Vermont Workers’ Center Says Single Payer Possible by 2017
The Vermont Workers’ Center and the National Economic and Social Rights Initiative say single payer health care could still be on the table.
Building off the financing plan that Gov. Peter Shumlin used in deciding not to proceed with single payer, the study, published in February, says the state can use progressive tax structures to provide a universal program by 2017. (Full plan attached below).
The plan would give medical, dental and vision coverage for all Vermont residents, but would exclude those who work in Vermont but commute from other states.
The plan assumes the same 6 percent out-of-pocket costs as Shumlin’s report from Dec. 30, but proposes progressive income taxes, a progressive payroll tax on employers, taxing capital gains as income, and liquefying the assets of Blue Cross Blue Shield of Vermont into a reserve fund.
Ellen Schwartz, president of the Vermont Workers’ Center, said her organization began developing the alternative plan in December, immediately after Shumlin released the details that led him to put single payer on the back burner earlier that month.
Schwartz said the two organizations’ plan is “more equitable” than the governor’s because the organizations recommend a graduated payroll tax — starting at 4.1 percent for small companies and maxing out around 20 percent for the government and employers with 1,000 or more workers.
“One of the reasons the governor said (single payer) wouldn’t work for small businesses is he had an 11.5 percent flat payroll tax on all businesses,” Schwartz said, adding that her organization “wanted something that wouldn’t harm small businesses.”
Anja Rudiger, program director for the National Economic and Social Rights Initiative, said her organization considered the governor’s plan inequitable.
“We focus on equity in this report because that’s what we saw was the biggest shortfall in the governor’s report,” Rudiger said. “When we took a look at his proposal, we were actually not surprised.”
Similar to the governor’s plan, the organizations recommend a sliding scale tax on earned income of up to 9.5 percent. However, the groups call the governor’s plan to cap the income tax when a household reaches $27,500 in payments “regressive.” They recommend that all income above 523 percent of the federal poverty level be subject to the 9.5 percent tax.
The study recommends implementing a wage ratio aimed at eliminating the incentive for companies to lower wages as a way to lower payroll tax obligations, and includes a Medicare wrap-around to bring Medicare patients’ coverage up to the same level as Green Mountain Care.
Additionally, the study proposes repealing the law that allows high-income Vermonters to pay a lower percentage in taxes on capital gains than on earned income.
The study says repealing the capital gains tax exclusion would have generated $17.3 million in revenue in fiscal year 2013 and estimates that the state lost $7.8 million in 2012 from high-income households that benefit from the capital gains tax exclusion.
Jim Harrison, president of the Vermont Retail Association, said his group “appreciates” a graduated approach to the payroll tax that takes small businesses into account. However, the group does not have a position on the study in general.
“We would be concerned for what the impact would be on the economy at the higher levels,” Harrison said of the nearly 20 percent payroll tax on employers with more than 1,000 workers. “There could very well be some impacts.”
Harrison estimated that the employer’s share of federal payroll taxes for Social Security and Medicare is around 7.7 percent; he said payroll taxes could cost around 9.5 percent for Vermont employers when you include what businesses spend on workers’ compensation and unemployment insurance.

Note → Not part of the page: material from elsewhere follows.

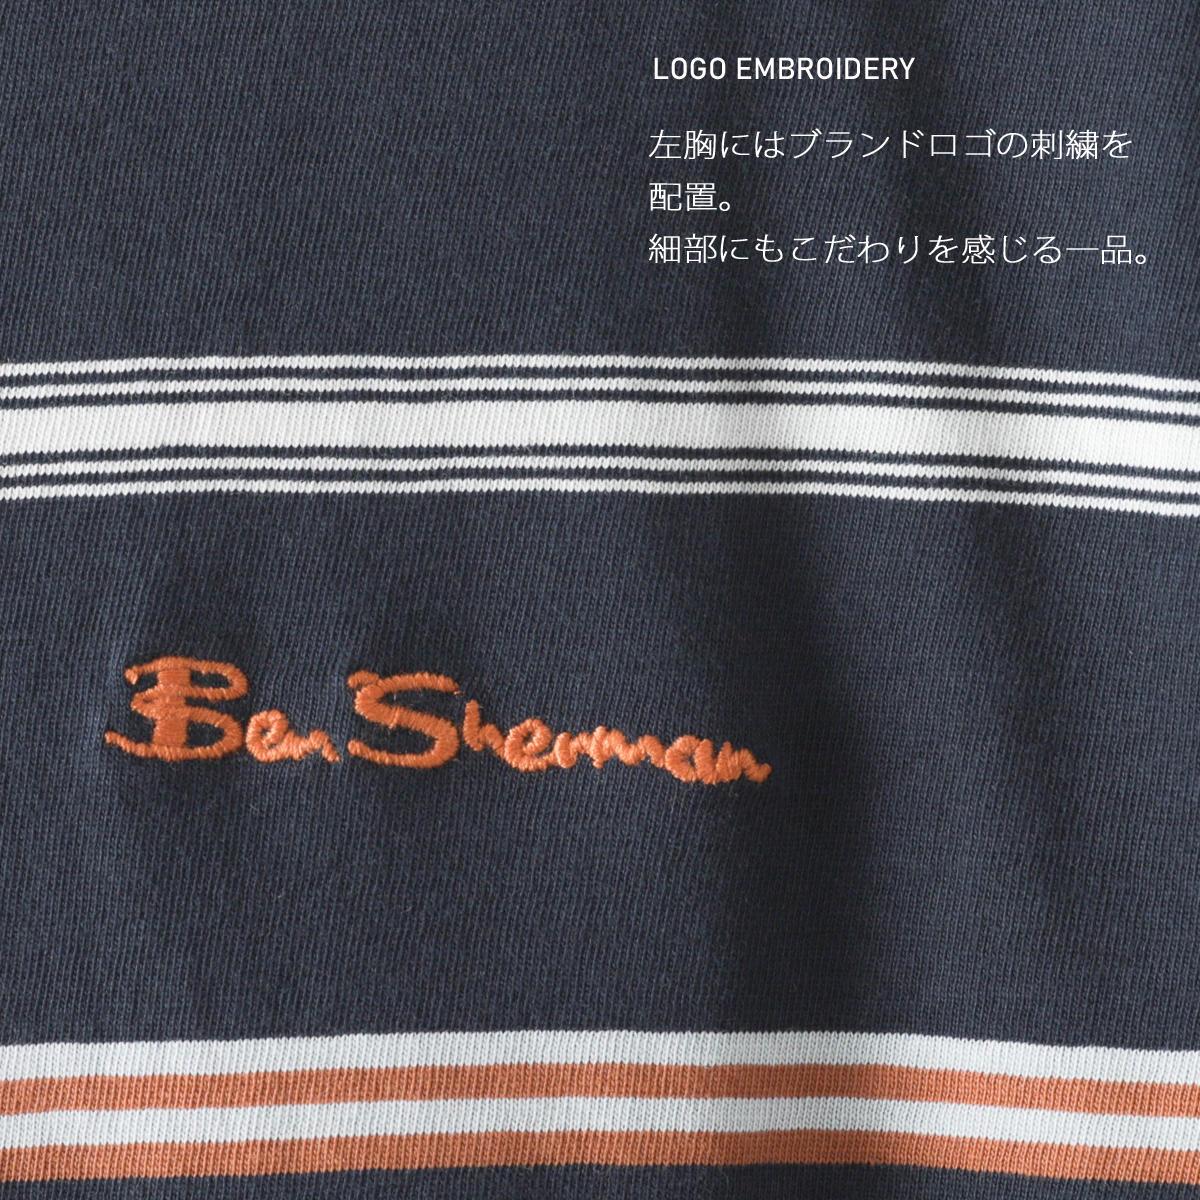 Ben Sherman ベンシャーマン メンズ Tシャツ ストライプ 3色 ネイビー イエロー ホワイト レギュラーフィット
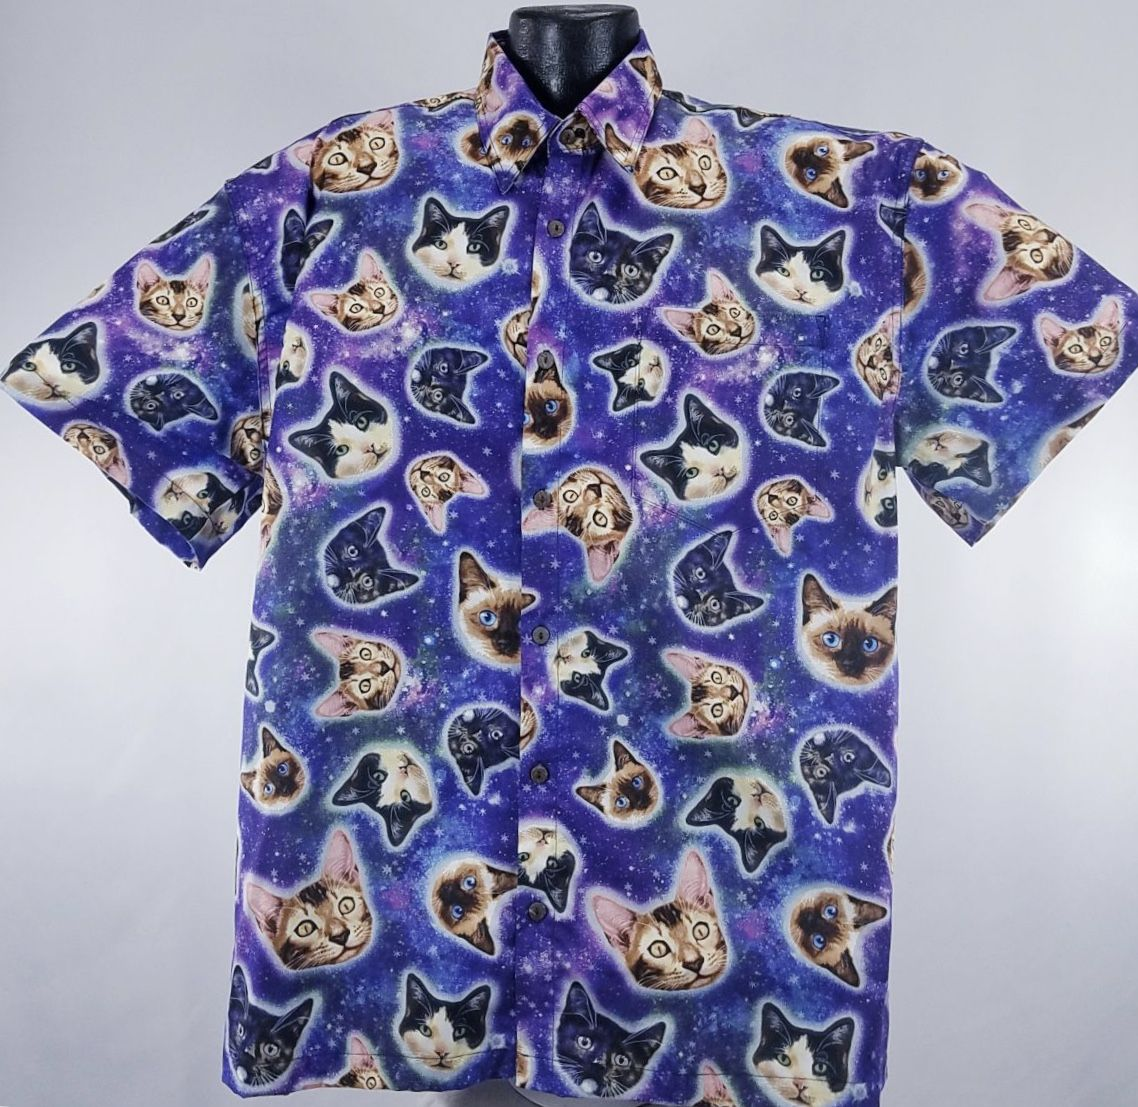 A shirt so quirky it's cool. Hawaiianshirt alohashirt

“Payroll cost is often times the biggest single cost of every business,” Harrison said. “It would be very concerning if (large businesses) chose not to stay in the state.”
Betsy Bishop, president of the Vermont Chamber of Commerce, said the profit margins on her members are too thin to pass any more payroll taxes in the Legislature.
“We have a real concern about raising a payroll tax, using that as a funding source for any long-term state need,” Bishop said. “In our view, taxing payroll is in essence suppressing wages, and there’s no other place for it to come out than on that line item.”
To address the employer cost of workers’ compensation insurance, the organizations recommend phasing the costs into Green Mountain Care, but do not outline a period of time or method for doing so.
The study recommends integrating workers’ compensation into Green Mountain Care through a tax, saying that it would “streamline healthcare access for workers and would also reduce redundant administration.”
The organizations also recommend dissolving Blue Cross Blue Shield of Vermont and turning the Green Mountain Care Board into a public corporation. The state would then keep Blue Cross Blue Shield’s estimated $132 million in surplus, based on figures from 2013, to fund a reserve fund for Green Mountain Care.
The study says the $132 million figure is almost as much as the state needs for a reserve fund, and says the governor over budgeted when he planned a $200 million reserve fund in his Dec. 30 financing plan.
According to the study, Vermont should still work to obtain a federal Medicare and TRICARE waiver, negotiate prices with pharmaceutical companies, set rates for hospitals, include long-term care, and work toward a program with no out-of-pocket costs.
The groups say the plan can be implemented with a $362 million surplus by 2017. Schwartz said the Vermont Workers’ Center wants the Legislature to pass the plan this year.